Investigating how secondary school students learn to solve correlational problems: quantitative and qualitative discourse approaches to the development of self-regulation

In this study we examined the transition from other to self-regulation by drawing on Vygotsky's general genetic law of cultural development and on Bakhtin's notion of genre appropriation. We attempted to replicate previous sociocultural research findings on the development of self-regulation with older students and a formal academic multiple-variant task. We aimed at extending this body of research by employing both qualitative and quantitative discourse analytic approaches. Ten secondary school students were individually tutored by their geography teacher in how to solve correlational problems. Every student worked with the teacher for about three hours and solved a minimum of seven correlational problems. All tutorial sessions were videotaped and subsequently transcribed.
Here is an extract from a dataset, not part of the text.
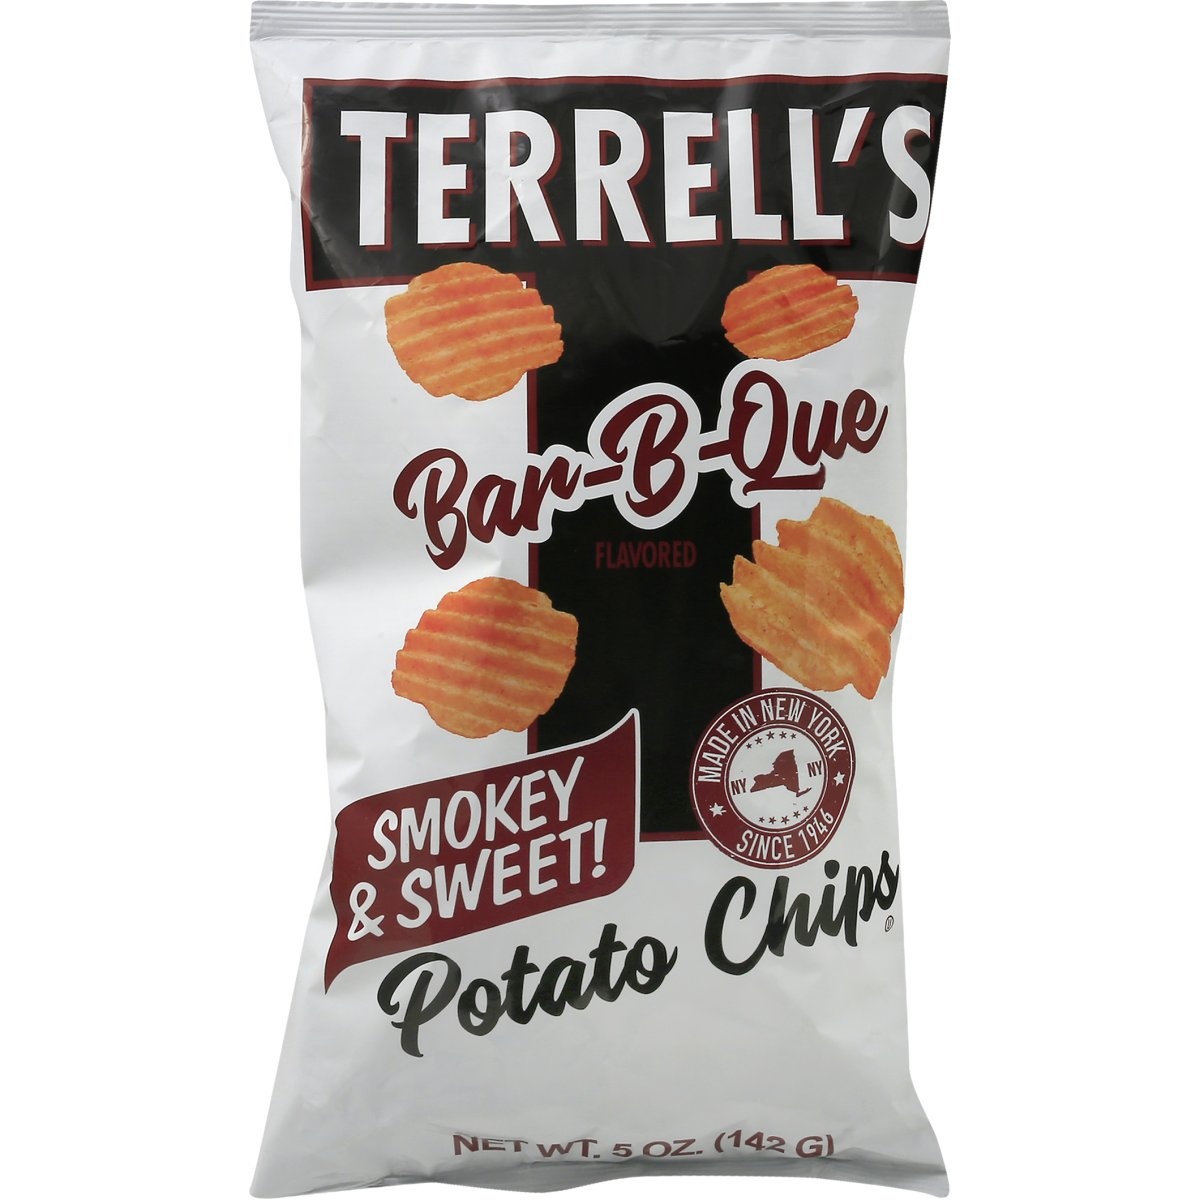 slide 1 of 1, Terrell's Bar-b-que Flavored Chip, 5 oz

A coding scheme was developed and all instructional discourse was segmented and coded by two independent judges. On the whole, quantitative discourse analysis supported the notion of a transition from other to self-regulation in the area of correlational reasoning. Additionally, it was found that teacher regulation was differentiated within tasks and that certain properties of discourse influence how explicit student self-regulation is. Qualitative discourse analysis supported the notion of the assimilation of the voice of the teacher into the voice of the student. A three dimensional conception of learning is proposed and the implications of the study are discussed.